(Recorded data Opens)

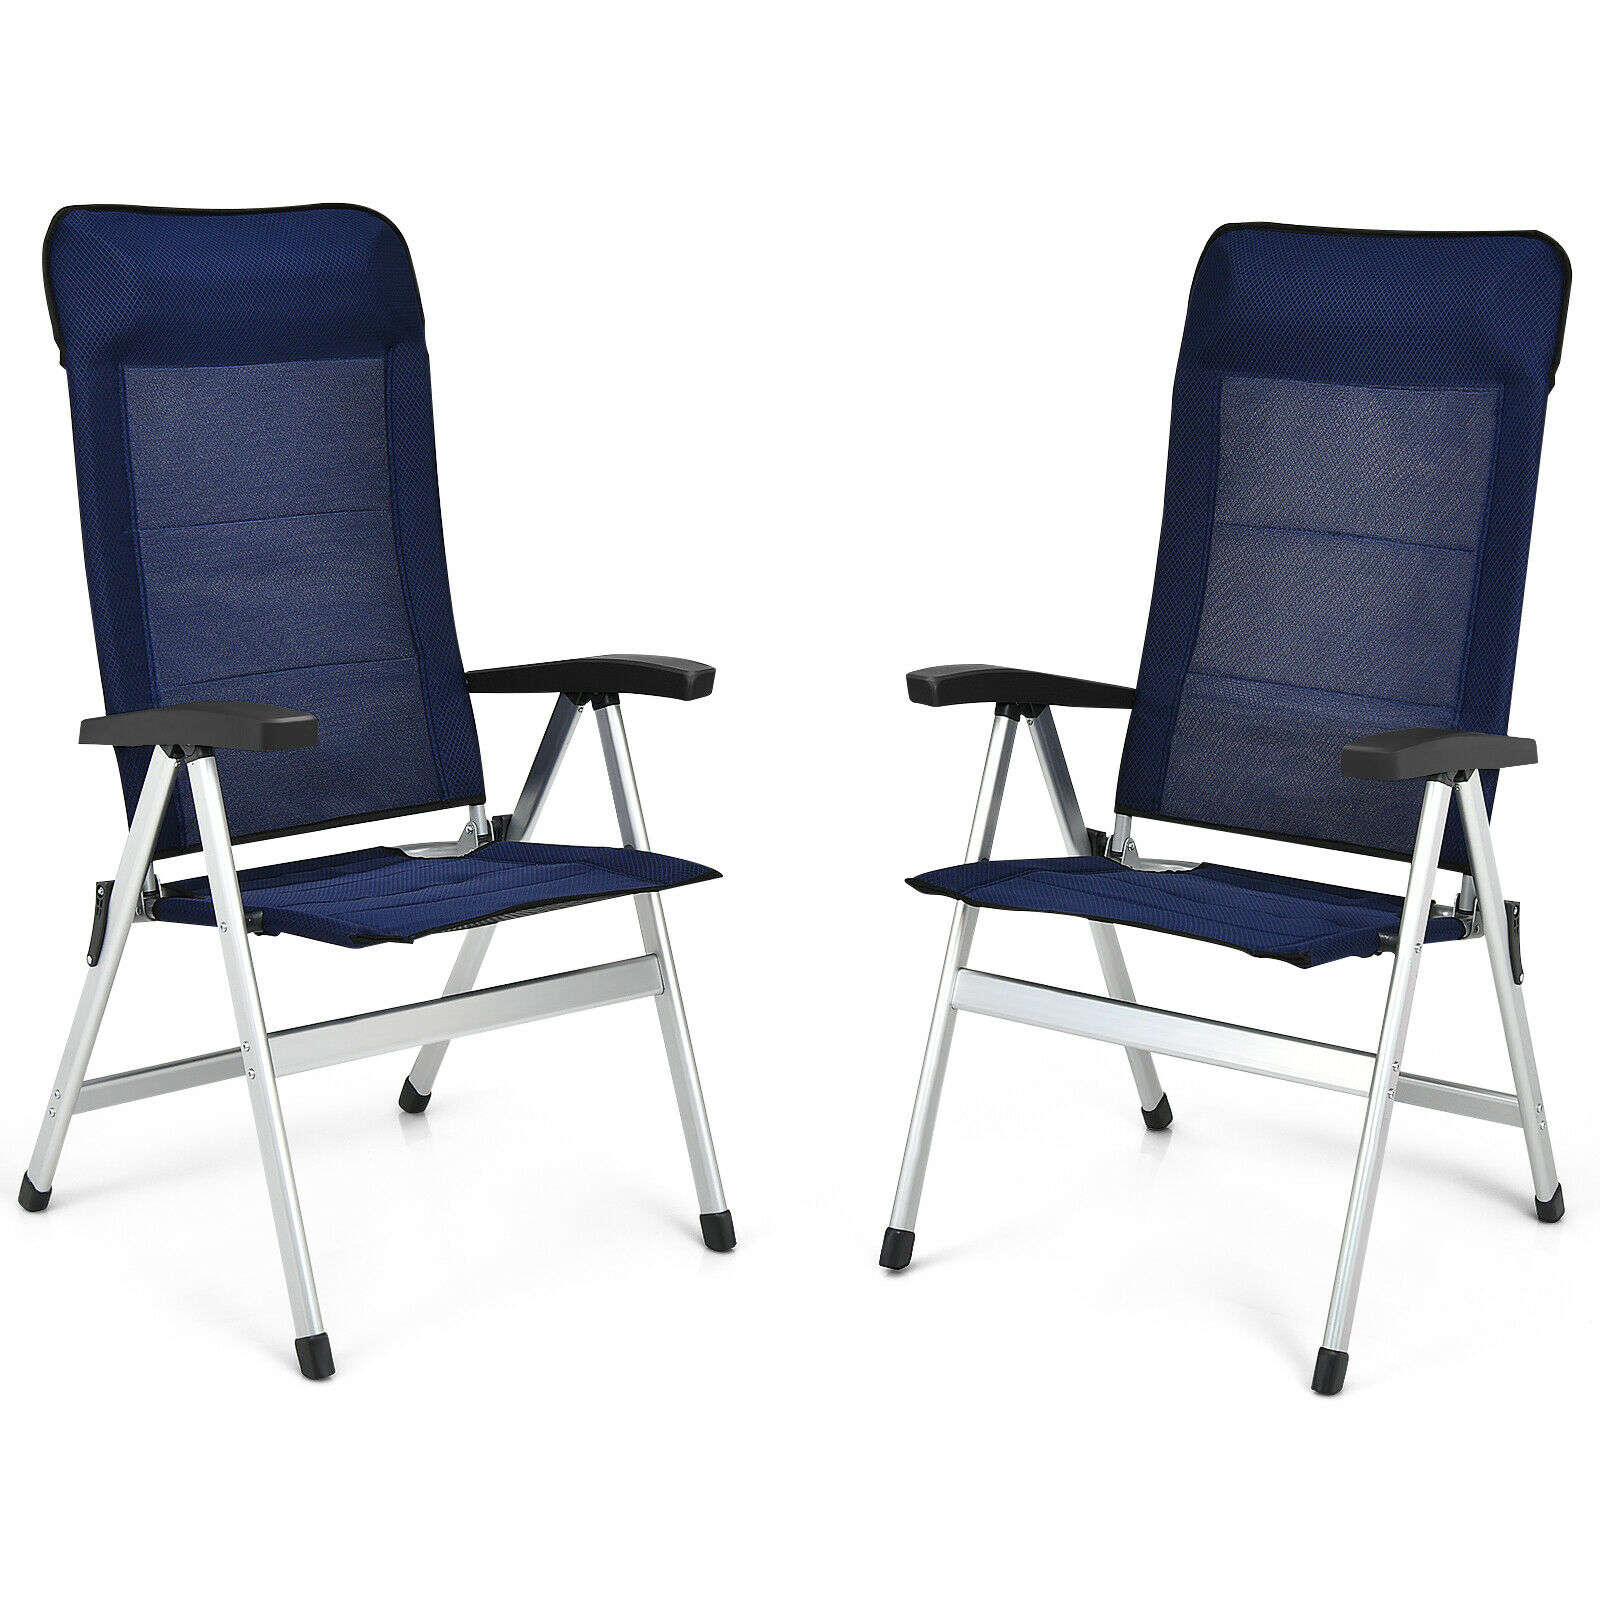 Patiojoy 4PCS Outdoor Patio Folding Dining Chairs with Reclining Backrest and Headrest Navy - image 2 of 6
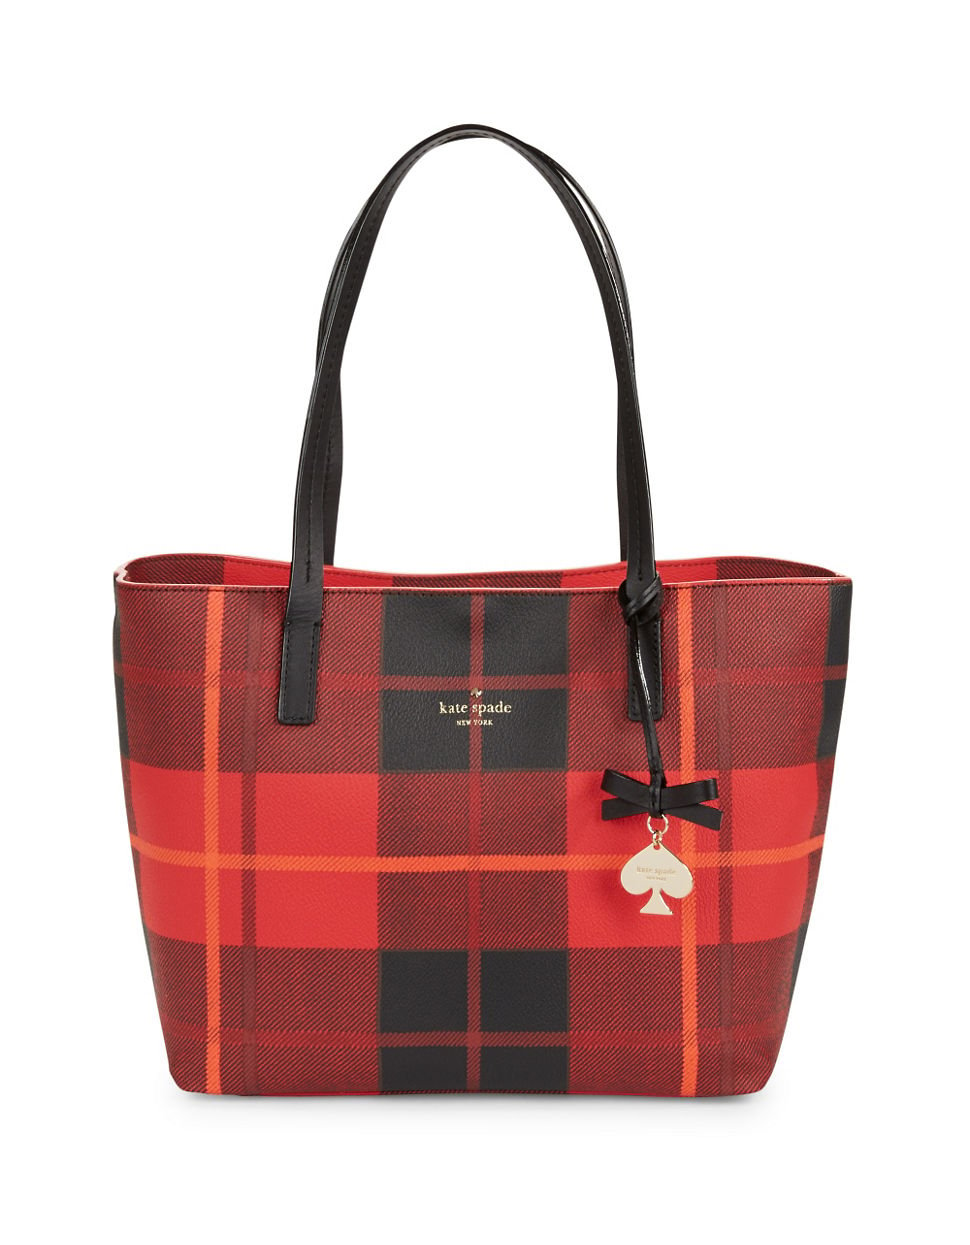 Kate spade Small Ryan Two-tone Plaid Tote in Red (Cherry) | Lyst
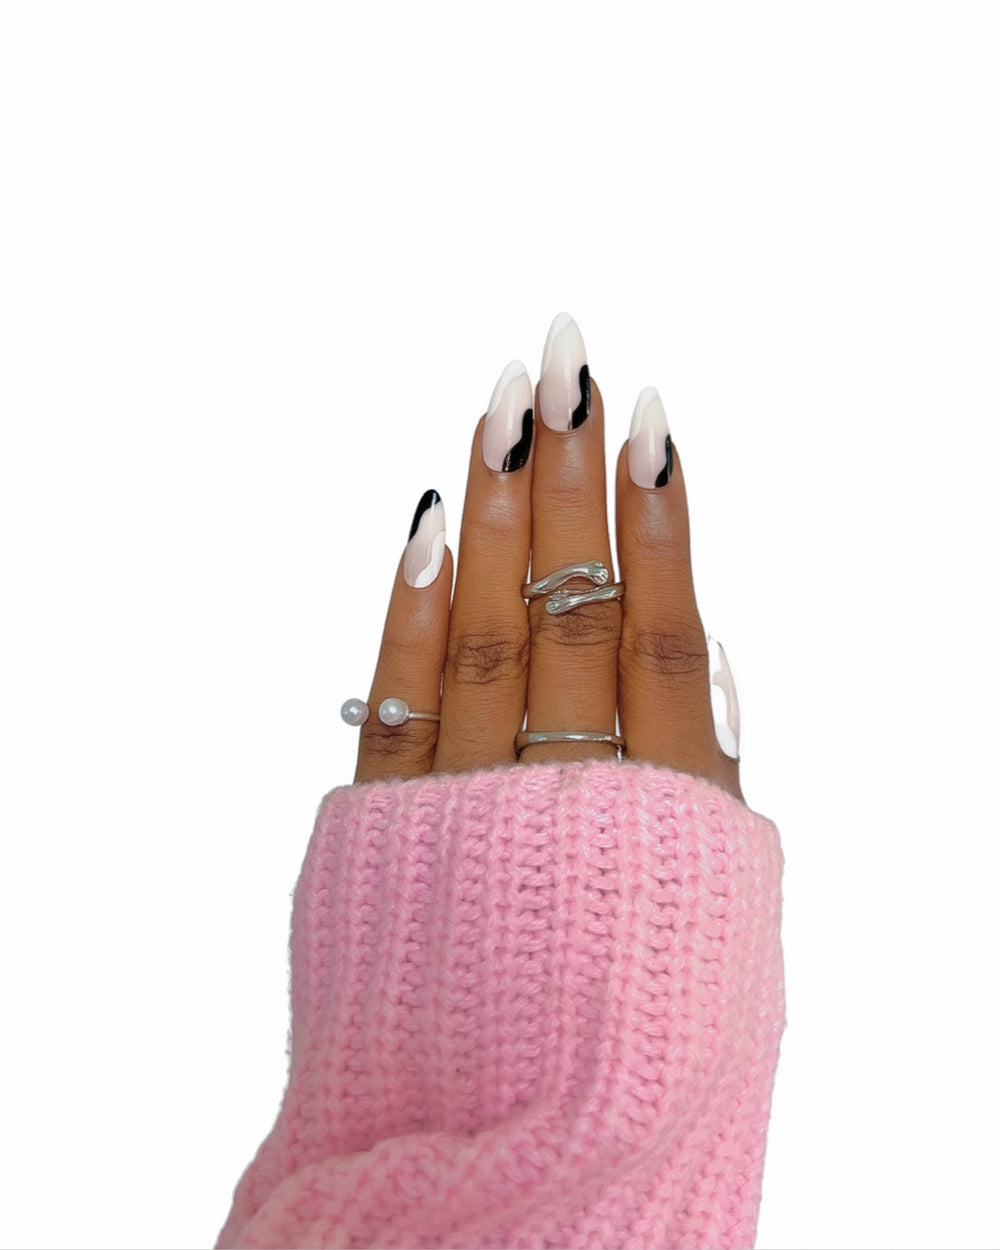 3 Tone Press on Nails in Lagos, Nigeria - All Things Chic
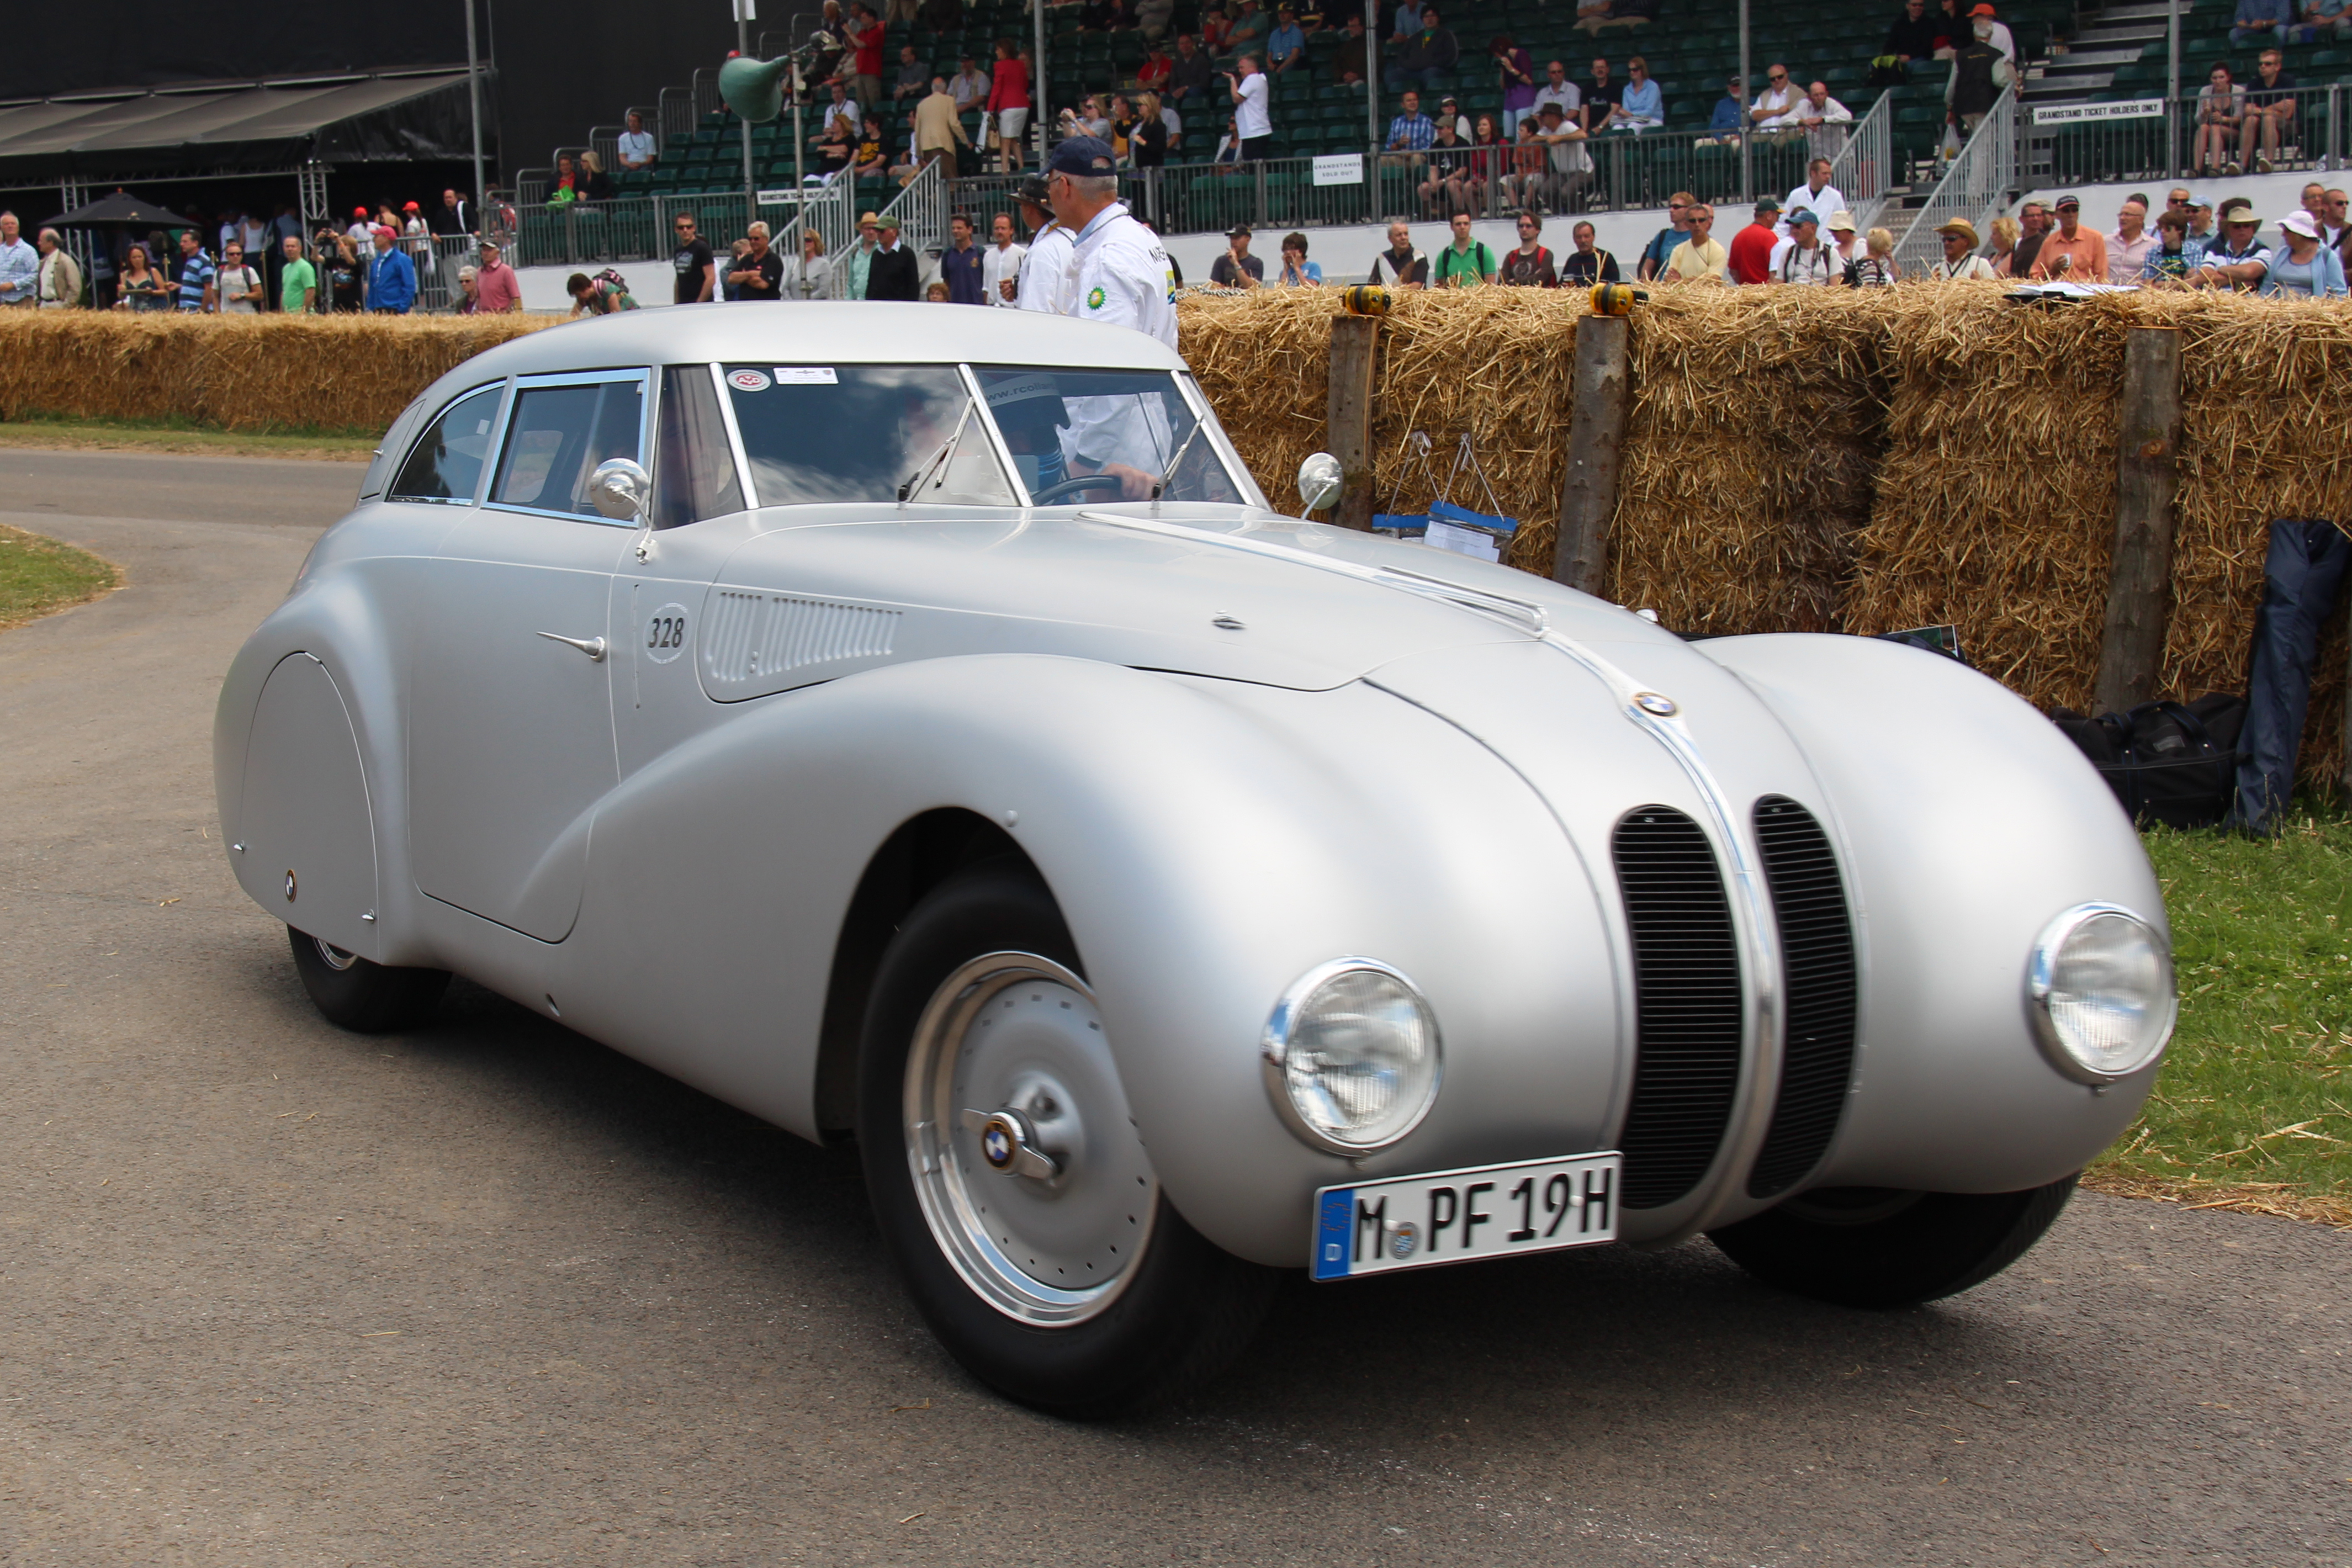 89 BMW 328 Mille Miglia Kamm Coupe (1939) | Flickr - Photo Sharing!

(Recorded data Closes)

Work to be completed:
Counting both ends, reproduce word for word the lines from the line with "Kate spade Small" to the final line of the listing above, skipping every picture.

Reply:
 Kate spade Small Ryan Two-tone Plaid Tote in Red (Cherry) | Lyst
 3 Tone Press on Nails in Lagos, Nigeria - All Things Chic
 89 BMW 328 Mille Miglia Kamm Coupe (1939) | Flickr - Photo Sharing!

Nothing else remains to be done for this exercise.